Read the passage given below and answer the following question:

Nucleophilic substitution reaction of haloalkane can be conducted according to both S_N¹ and S_N² mechanisms. However, which mechanism it is based on is related to such factors as the structure of haloalkane, and properties of leaving group, nucleophilic reagent and solvent.

Influences of halogen: No matter which mechanism the nucleophilic substitution reaction is based on, the leaving group always leave the central carbon atom with electron pair. This is just the opposite of the situation that nucleophilic reagent attacks the central carbon atom with electron pair. Therefore, the weaker the alkalinity of leaving group is, the more stable the anion formed is and it will be more easier for the leaving group to leave the central carbon atom; that is to say, the reactant is more easier to be substituted. The alkalinity order of halogen ion is I⁻ < Br⁻ < Cl⁻ < F⁻ and the order of their leaving tendency should be I⁻ > Br⁻ > Cl⁻ > F⁻. Therefore, in four halides with the same alkyl and different halogens, the order of substitution reaction rate is RI > RBr > RCl > RF. In addition, if the leaving group is very easy to leave, many carbocation intermediates are generated in the reaction and the reaction is based on S_N¹ mechanism. If the leaving group is not easy to leave, the reaction is based on S_N² a mechanism.

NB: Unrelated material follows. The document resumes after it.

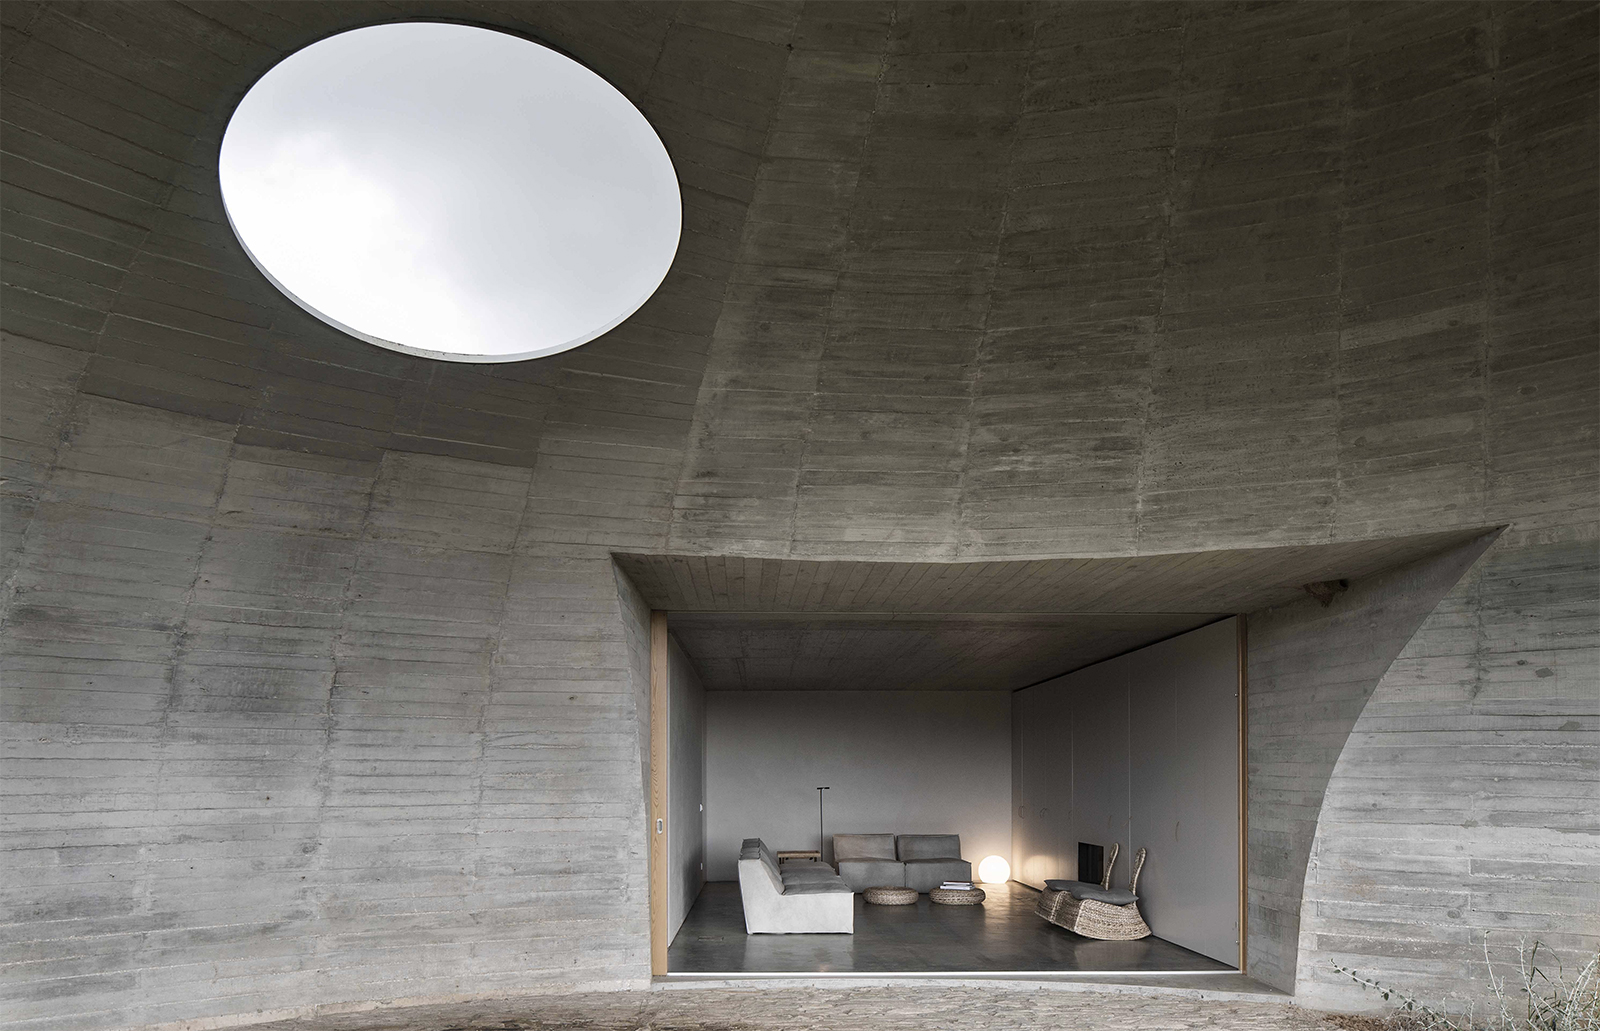 Casa na Terra or ‘House in the Earth’ is a concrete volume with geometric voids carved out of it to create monastic communal spaces and three ensuite bedrooms.

Influences of solvent polarity: In S_N¹ reaction, the polarity of the system increases from the reactant to the transition state, because polar solvent has a greater stabilizing effect on the transition state than the reactant, thereby reduce activation energy and accelerate the reaction. In S_N² reaction, the polarity of the system generally does not change from the reactant to the transition state and only charge dispersion occurs. At this time, polar solvent has a great stabilizing effect on Nu than the transition state, thereby increasing activation energy and slow down the reaction rate. For example, the decomposition rate (S_N¹) of tertiary chlorobutane in 25℃ water (dielectric constant 79) is 300000 times faster than in ethanol (dielectric constant 24). The reaction rate (S_N²) of 2-bromopropane and NaOH in ethanol containing 40% water is twice slower than in absolute ethanol. In a word, the level of solvent polarity has influence on both S_N¹ and S_N² reactions, but with different results. Generally speaking, weak polar solvent is favorable for S_N² reaction, while strong polar solvent is favorable for S_N¹ reaction, because only under the action of polar solvent can halogenated hydrocarbon dissociate into carbocation and halogen ion and solvents with a strong polarity is favorable for solvation of carbocation, increasing its stability. Generally speaking, the substitution reaction of tertiary haloalkane is based on S_N¹ mechanism in solvents with a strong polarity (for example, ethanol containing water).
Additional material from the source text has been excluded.